• **Extracted records**:
::::::::::
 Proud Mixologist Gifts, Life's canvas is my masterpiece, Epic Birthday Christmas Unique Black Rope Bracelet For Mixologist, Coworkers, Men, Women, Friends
::::::::::
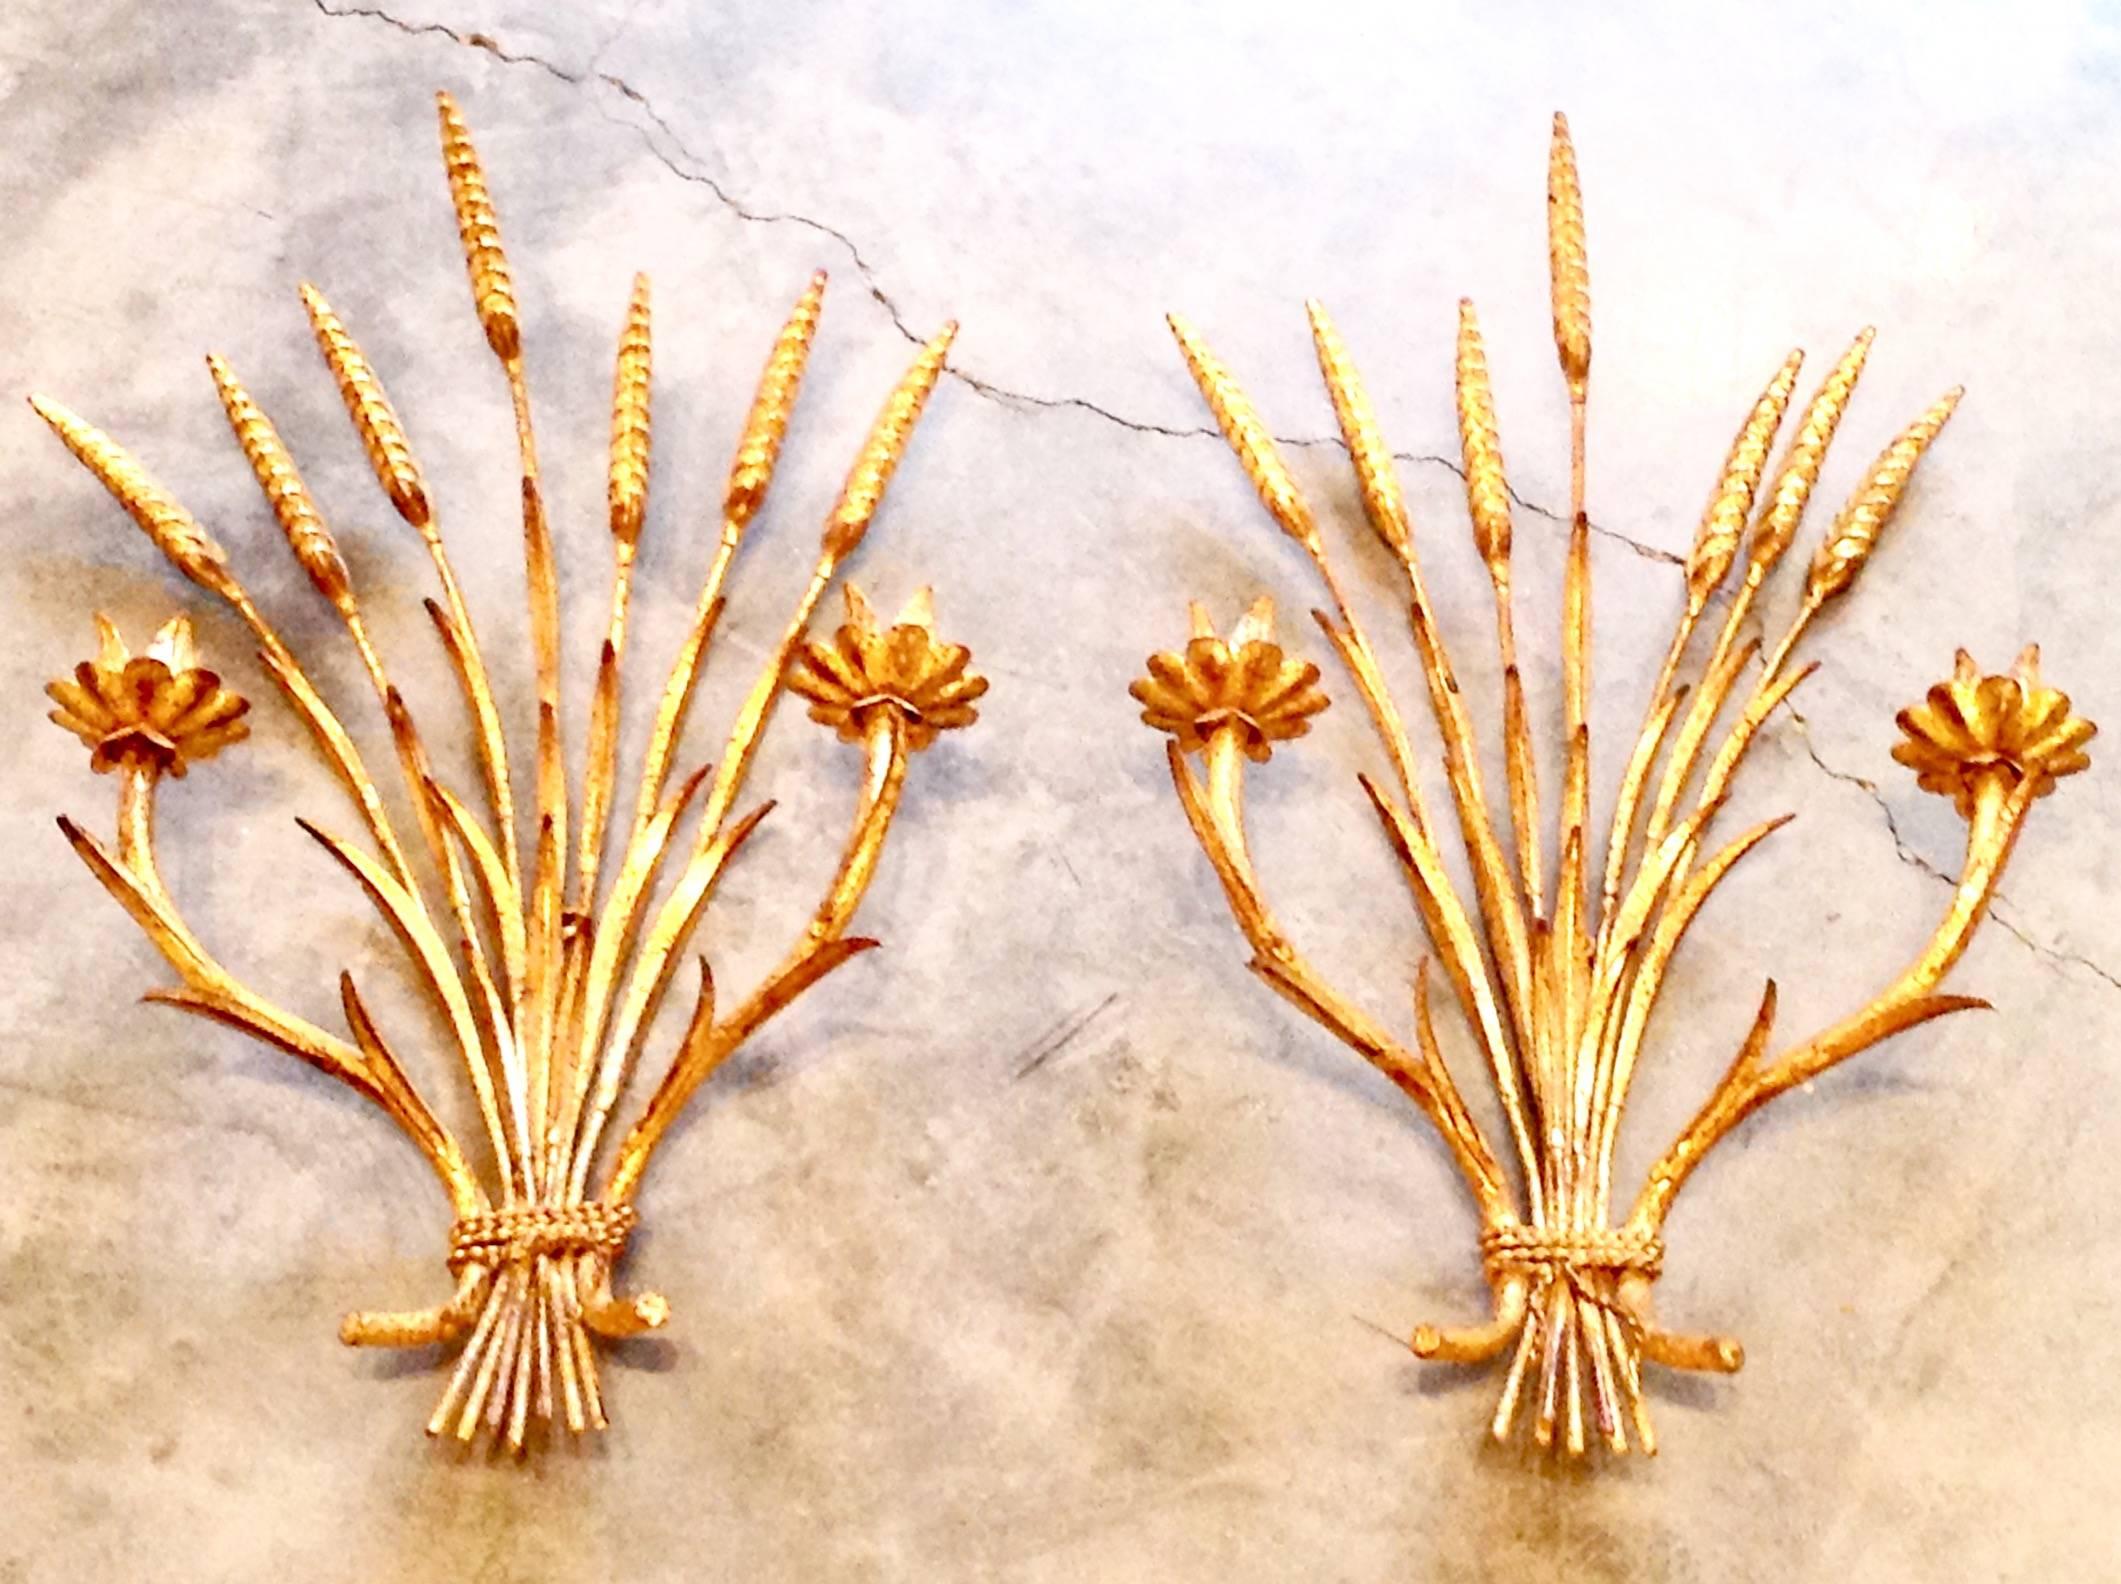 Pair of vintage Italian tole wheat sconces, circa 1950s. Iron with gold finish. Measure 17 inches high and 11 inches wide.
::::::::::
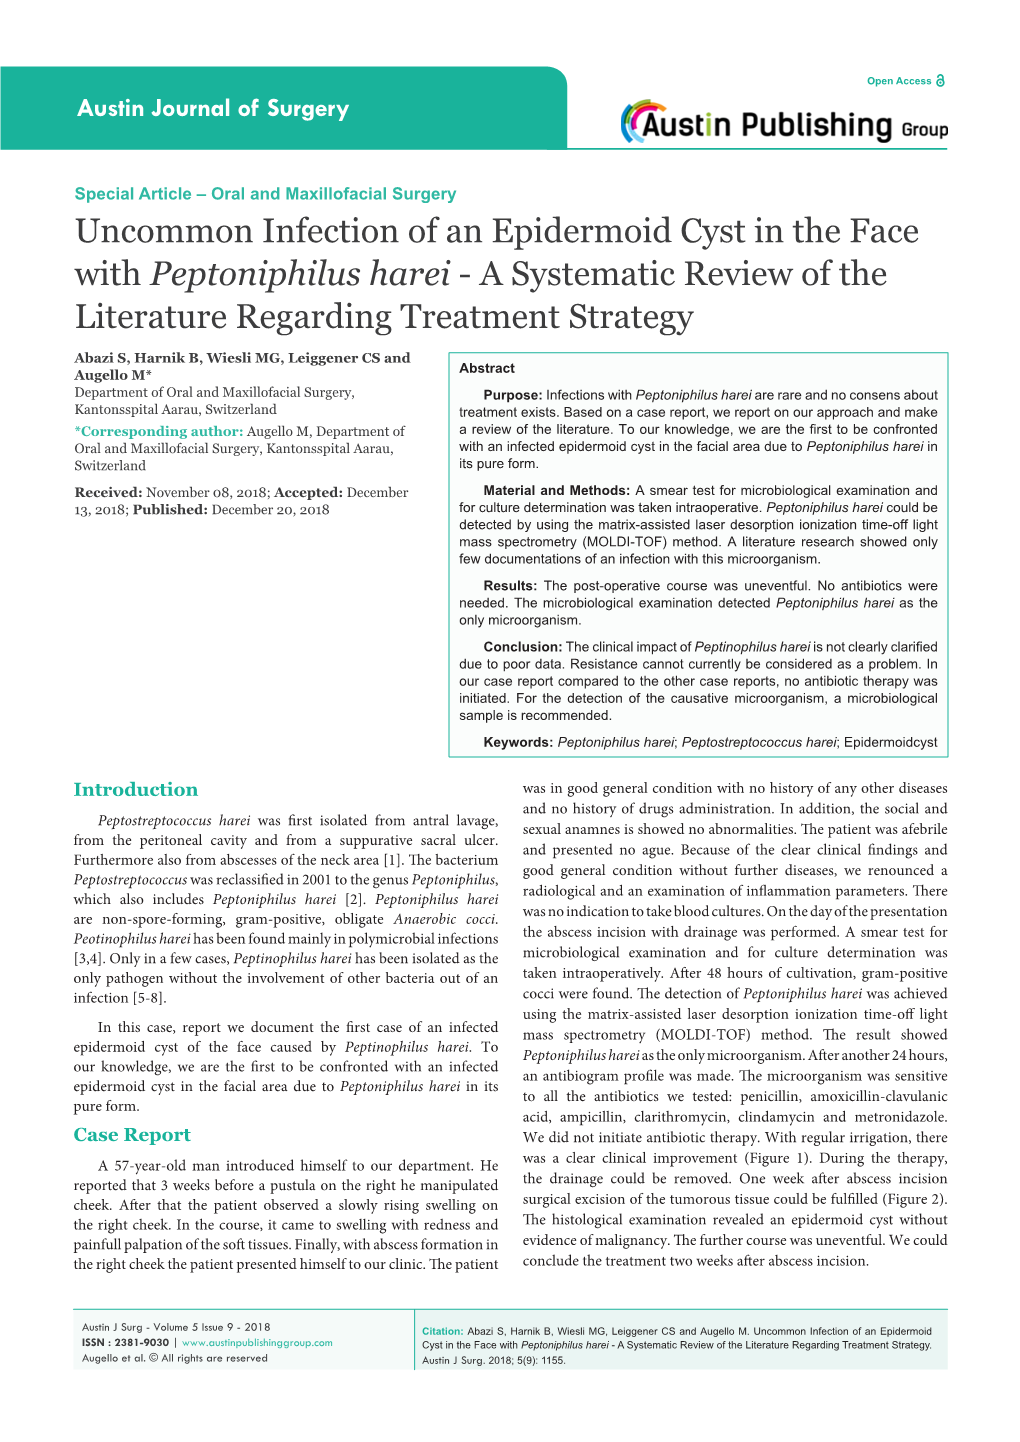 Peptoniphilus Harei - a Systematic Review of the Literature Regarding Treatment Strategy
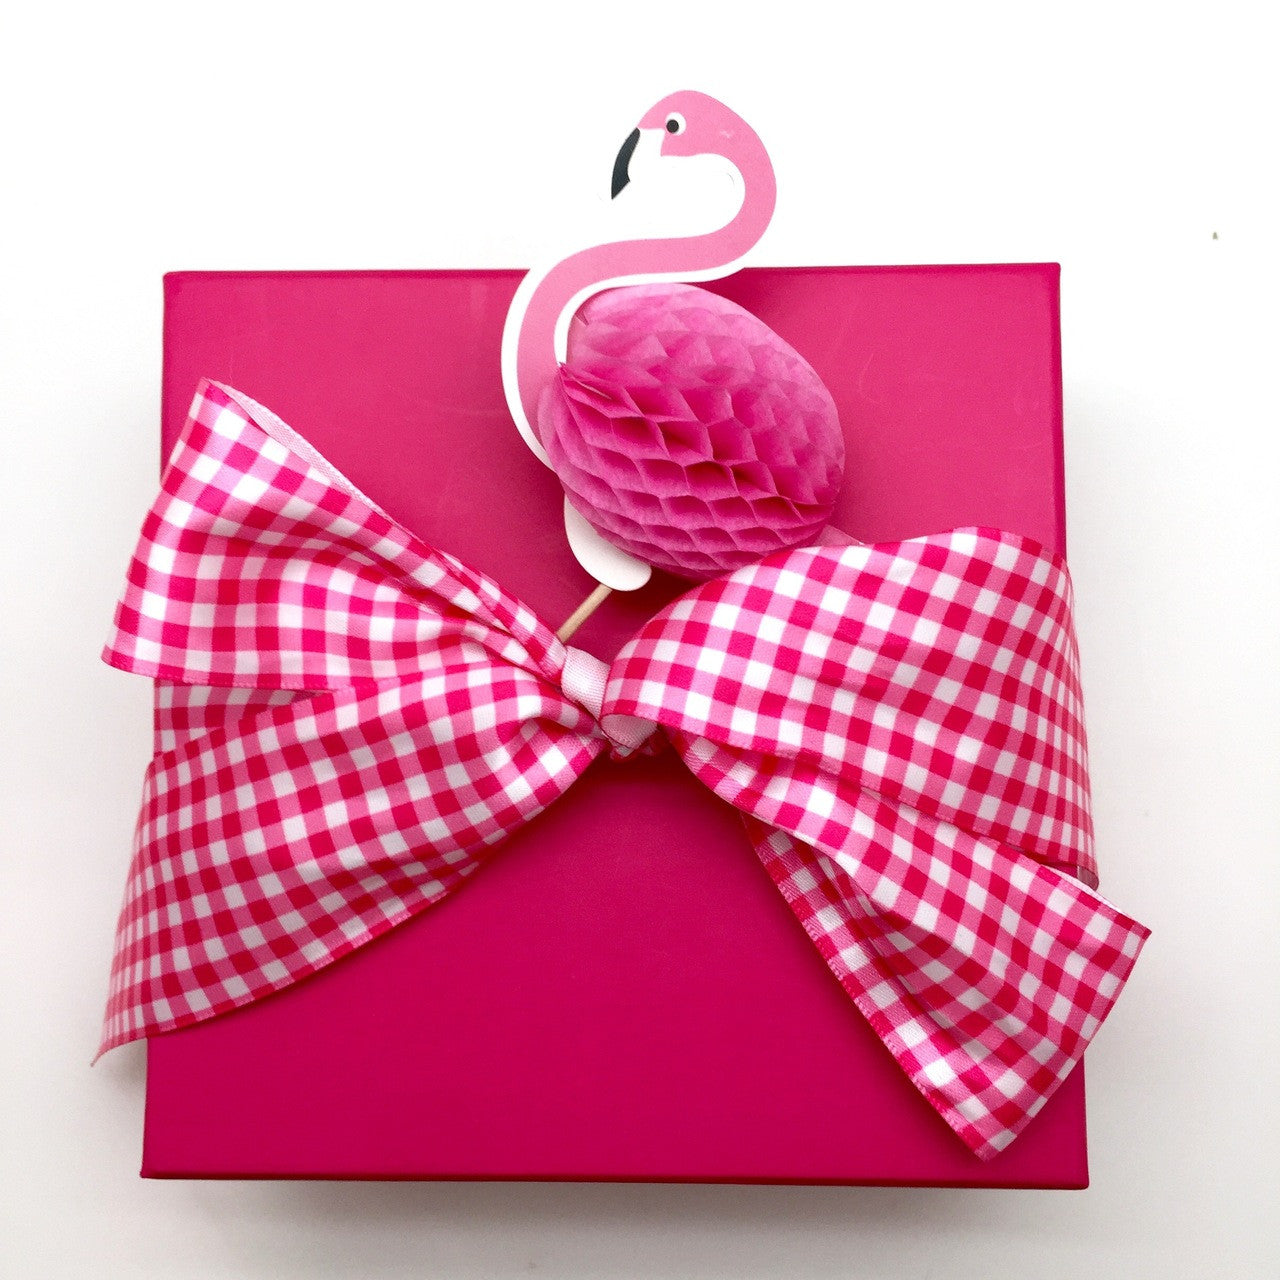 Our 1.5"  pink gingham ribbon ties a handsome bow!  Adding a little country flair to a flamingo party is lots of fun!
::::::::::
In the entries above, find the line with "Peptoniphilus Harei - a" and the line with "lots of fun!". Return exactly those lines and all the ones between them, pictures excluded.

• **Response below**:
 Peptoniphilus Harei - a Systematic Review of the Literature Regarding Treatment Strategy
 Our 1.5"  pink gingham ribbon ties a handsome bow!  Adding a little country flair to a flamingo party is lots of fun!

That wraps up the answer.